An Internation Ocean Station as imagined by Cesar Jung-Harada

What I watched this weekend
In anticipation of an upcoming business trip to Tokyo, I started rewatching one of my favorite shows, Midnight Diner. This episodic Japanese series can be found on Netflix and each episode showcases a story with characters that have a connection to a specific dish, often Japanese comfort food. The main character is a chef everyone calls “Master” who runs a small restaurant in the Shinjuku district of Tokyo. The restaurant is only open from midnight to 7am, and although there is only one dish listed on the menu, pork miso soup, the master cooks whatever customers request as long as he has the ingredients on hand.
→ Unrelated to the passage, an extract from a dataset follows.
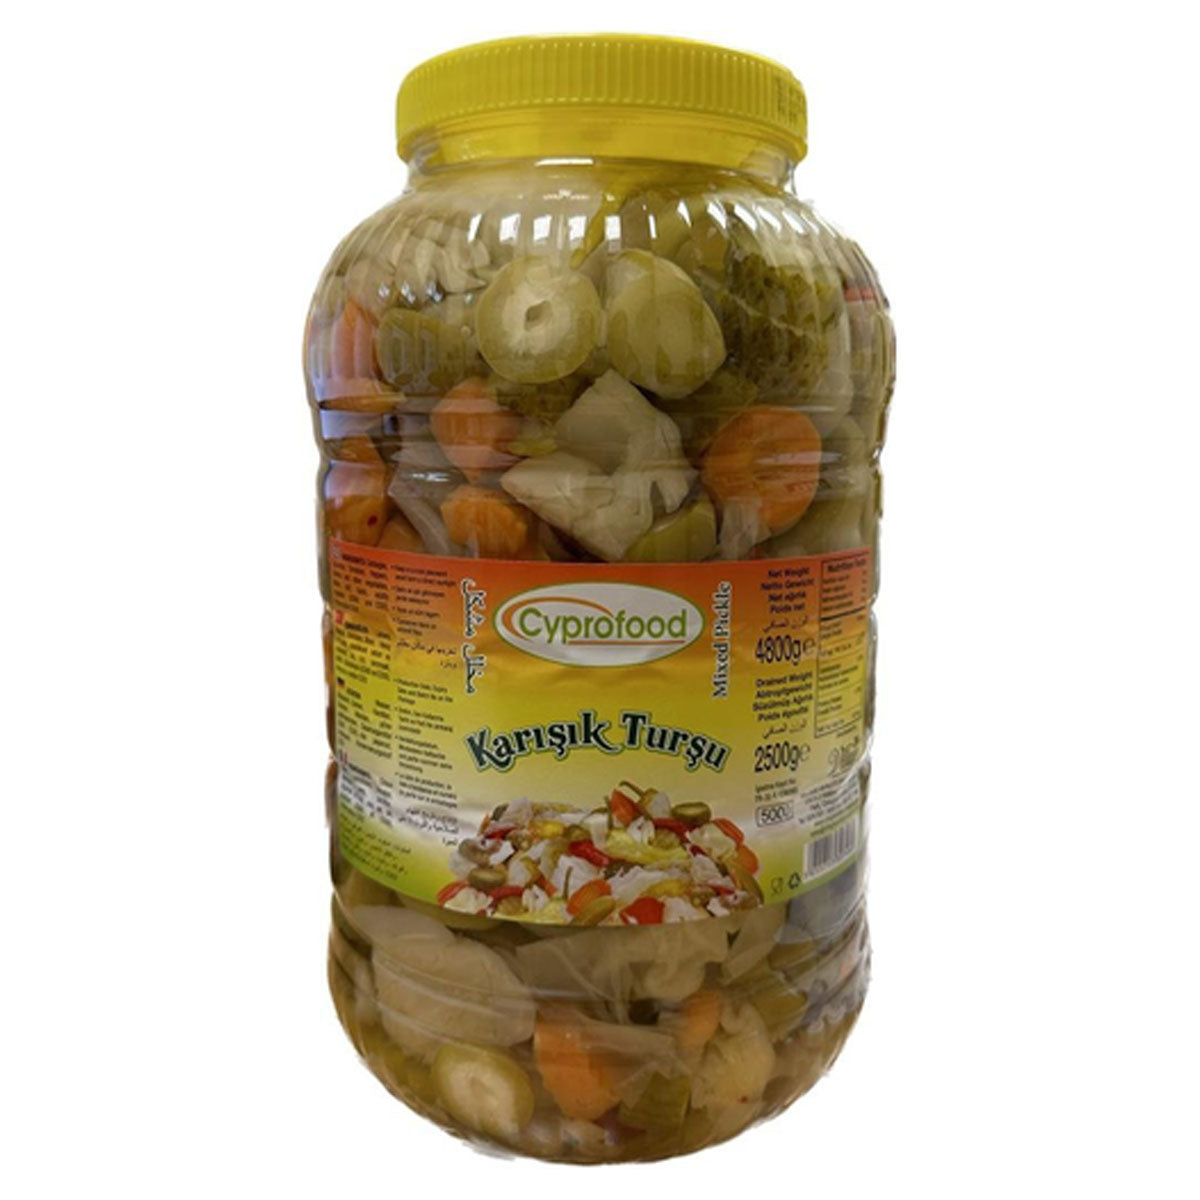 A CyproFood - Mixed Pickles - 4.8Kg jar of pickled vegetables on a white background.

These hours attract all kinds of interesting folks, and although the master takes a stereotypical bartender role usually just listening rather than acting, unlike most protagonists of a show; he provides comfort and connections with his food and the feelings people have when they eat it. As a foodie, I enjoy the realism of this show, focusing on food that evokes memories in the characters rather than being super expensive or fancy-looking. But it is really the characters that make this show remarkable, nothing is overdone and they remain realistic but memorable. If you haven’t watched it, check it out!

I hope everyone has a great week closing Q3 out strong!